In molte ristrutturazioni la parola d’ordine sembra essere una sola: demolire. Più si toglie, più si pensa di essere liberi. In realtà non sempre è così. Anzi, spesso il progetto migliore nasce quando si ha la lucidità di capire che cosa vale la pena conservare.
Un muro, una quota, un pavimento, una vecchia apertura, una struttura interessante o anche solo una certa materia possono diventare il punto di partenza di un progetto più intelligente e più carattere.
Demolire costa due volte
Prima si paga per togliere e smaltire, poi si paga per rifare.

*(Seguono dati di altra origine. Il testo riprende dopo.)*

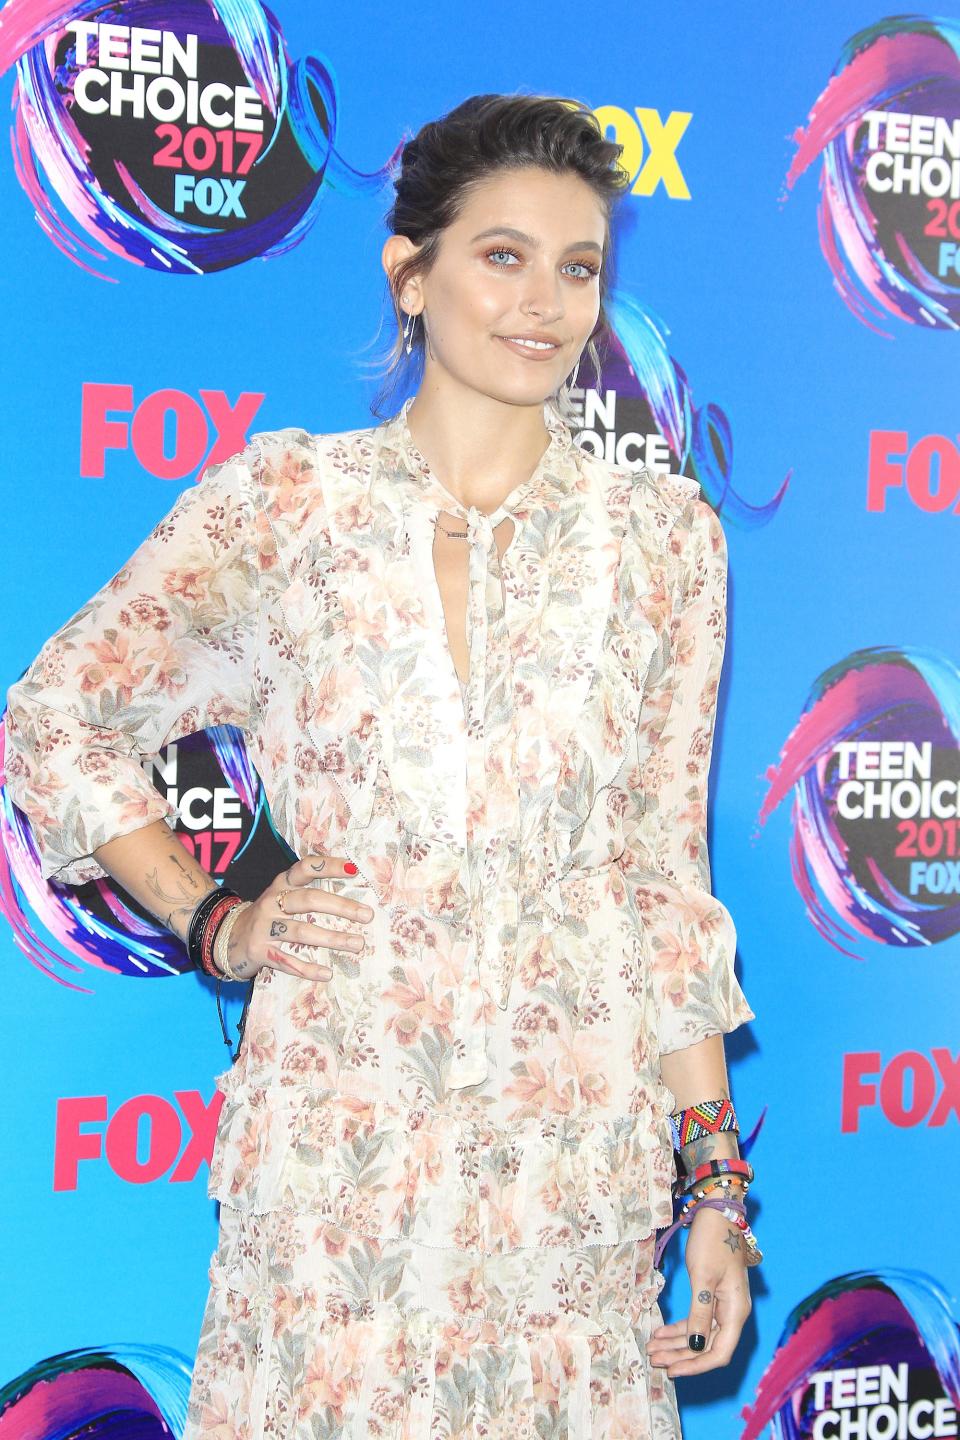 epa06143635 US model and actress Paris Jackson arrives for the Teen Choice Awards 2017 at the Galen Center in Los Angeles, California, USA, 13 August 2017. The Teen Choice Awards celebrate teen icons in film, TV, music, sports, fashion and the web. EFE/NINA PROMMER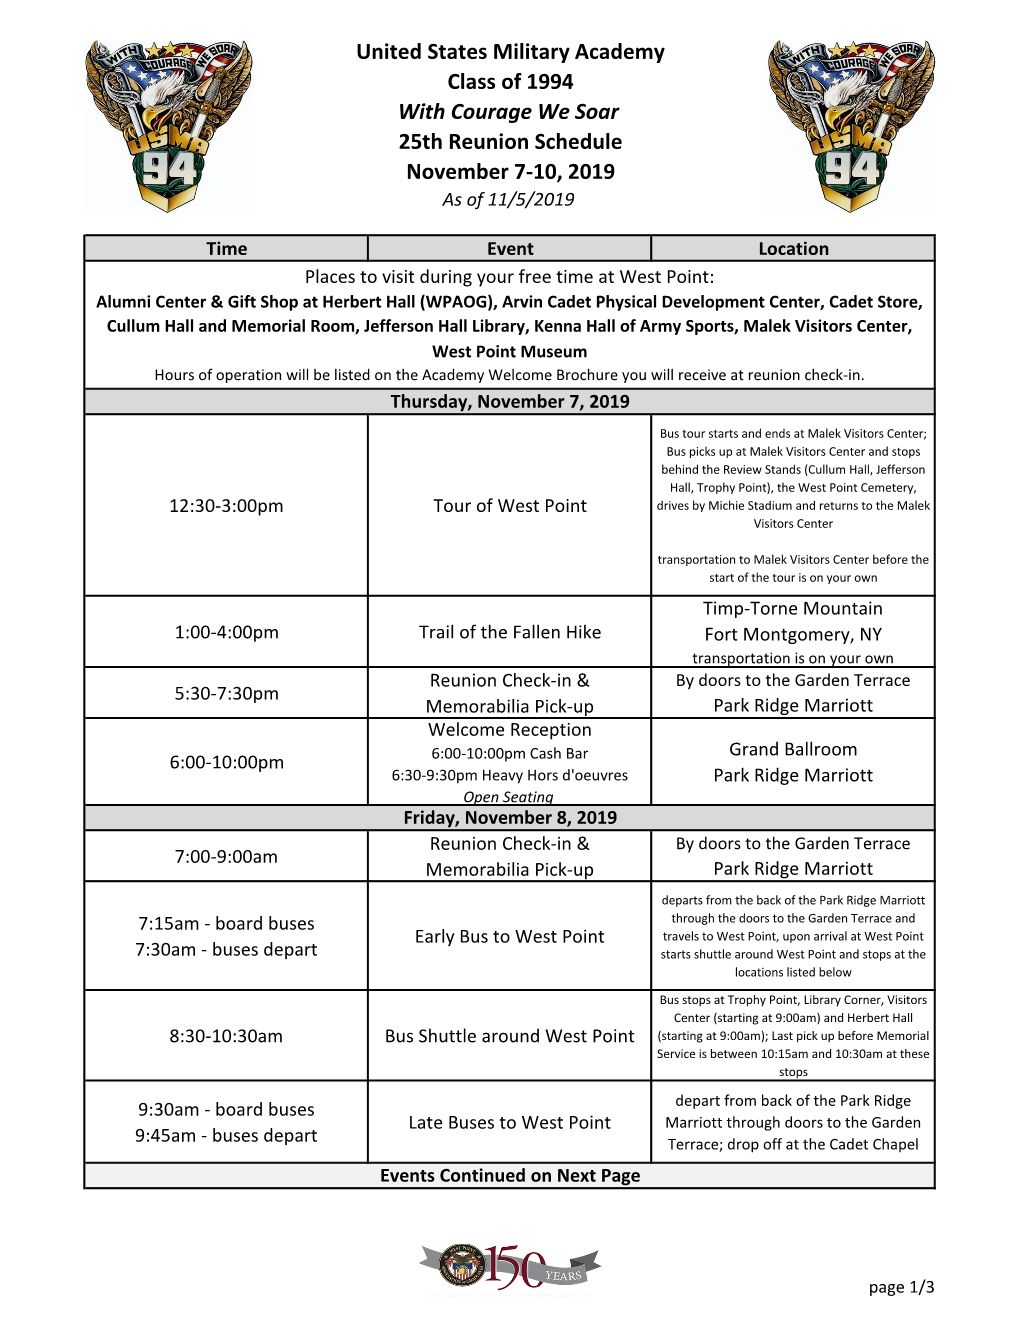 United States Military Academy Class of 1994 with Courage We Soar 25Th Reunion Schedule November 7-10, 2019 As of 11/5/2019

Questo non significa che si debba conservare tutto, ma che ogni demolizione dovrebbe avere una ragione vera e non essere una scelta automatica.
L’esistente può diventare una risorsa
Mi capita spesso di vedere elementi dati per spacciati troppo presto. Poi, riguardandoli meglio, diventano una quinta, un fondale, un contrasto interessante con il nuovo o semplicemente una parte autentica della casa.
Meno demolizioni, meno spreco
C’è anche un aspetto molto concreto: meno materiale demolito significa meno rifiuti, meno trasporti e meno risorse impiegate. È una delle forme più oneste di sostenibilità in una ristrutturazione.
Ristrutturare bene non vuol dire cancellare tutto. Vuol dire capire cosa merita ancora di far parte del progetto.